Test Set Task 1

description of the test set for task 1


Provided test dataset

The test data for this task can be downloaded from here. The password is the same one as provided for the training set. The directory contains following items:

  1. Preprocessed EEG test samples: The main directory contains 84 subjects’ test data in the format of subject_name.json. Note that there is no test data for sub-001. Each json file contains a python dictionary with sample IDs as keys and tuples in the format of (EEG, speech1, speech2) as values. First element of the tuple is preprocessed EEG of 3 seconds long with fs=64 Hz. speech1 and speech2 are pointers to the actual speech segments which are located in the envelope_segments and/or stimuli_segments. You need to probably convert EEG from list to numpy array.

  2. envelope_segments: This directory contains envelope of speech segments used in the test samples. You can already use this directory if you trained your model with envelope as speech feature. You can get the Envelope by using the following code:

    import numpy as np

    data = np.load(speech_seg.npz)

    speech, fs = data[’envelope’], data[‘fs’]

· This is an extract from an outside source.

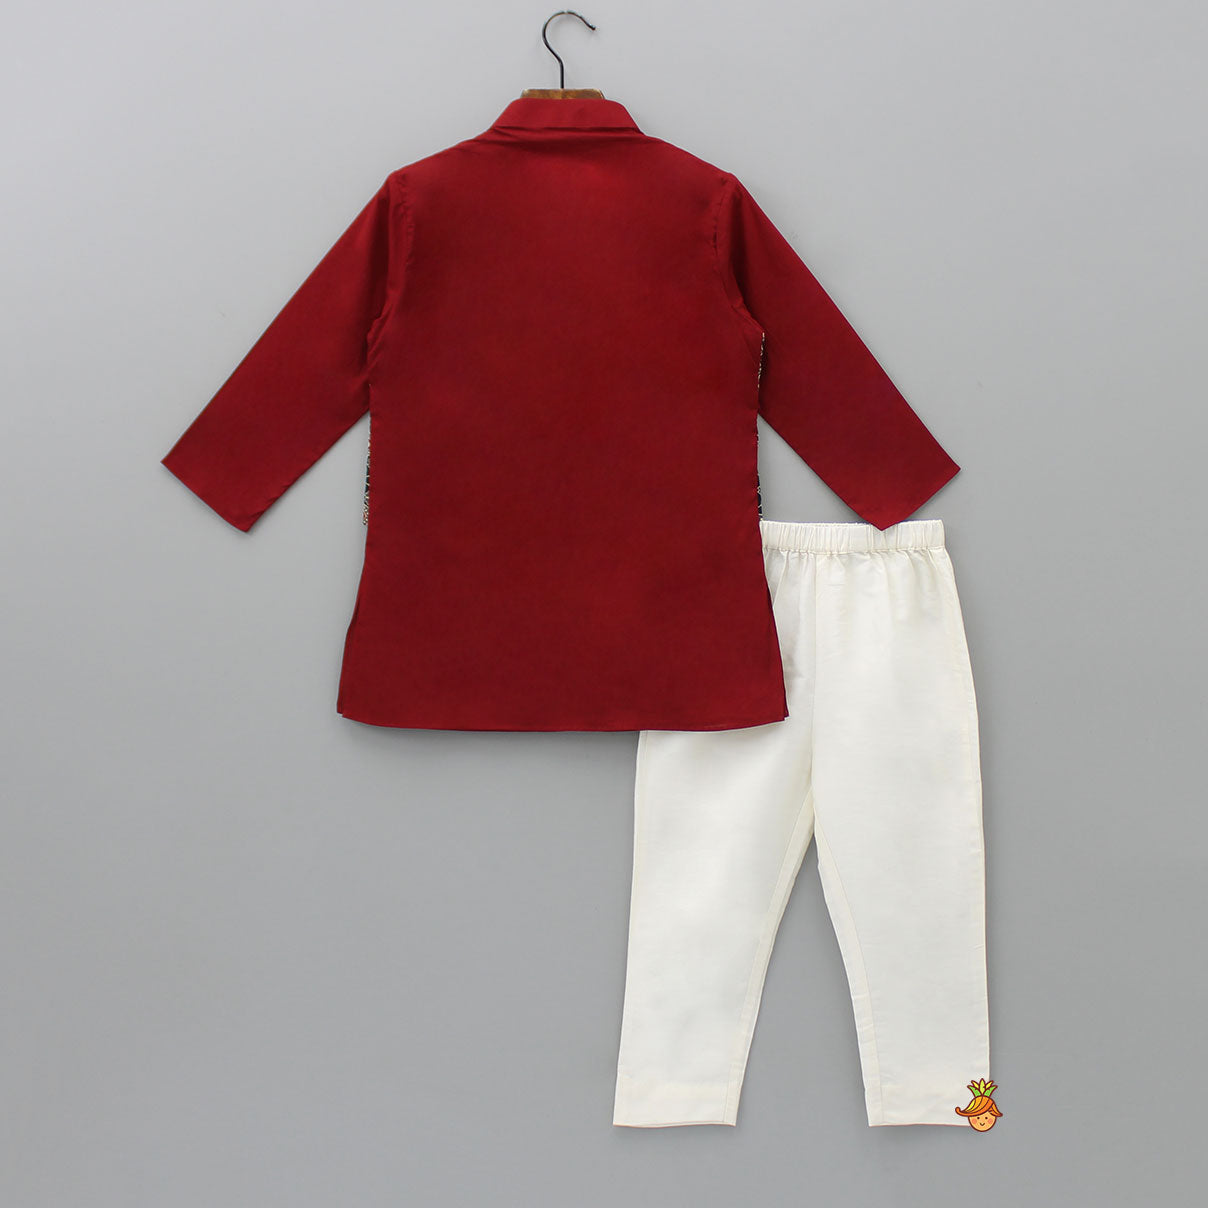 Ajrakh Printed Jacket Style Maroon Kurta And Pyjama

  3. raw_eeg: We also provide the corresponding raw EEG files for each subject. If you prefer to have access to the raw EEG and do your own preprocessing, then you can use this directory. The json files in this directory have exactly the same format as of the preprocessed EEG files. Sampling rate of the raw EEG is 1024 Hz.

  4. stimuli_segments: This directory contains raw speech segments at 48 kHz. You can load the raw stimulus segments using the following code:

data = np.load(speech_seg.npz)

speech, fs = data[‘audio’], data[‘fs’]

Expected output

As an output, participants should upload a zip file, containing json files to the following link The files should follow the following naming convention:

task_1_group_group_name_submission _submission_number.zip

where submission_number should be 1 for the first submission and can go up to 5. We will use the latest submission as the final submission, from which the ranking will be calculated. Groups that have not yet supplied their group name, should send a mail to the organisers where they specify their name. When uploading, you will be prompted to enter a name. Please enter the name of one of the officially registered participants.

The json file(s) should contain the predicted labels for all EEG segments. Each entry in the submitted file should be of the form (EEG ID) : (label). The label is 0 if stimulus 1 matches EEG and 1 if stimulus 2 matches EEG. In case of absent EEG ID entries, the sample will be assigned the wrong label. Labels should be either 0 or 1.

We provide the script predict_test.py, which loads a pretrained model, loops over all the data of the test set, predicts the output labels and returns json files in the correct format.

For evaluation, we will calculate the mean accuracy score per subject. Then, we will calculate the mean over all the subjects means for both test set 1 and test set 2 and add them to obtain a final score, which will be updated in the online leaderboard.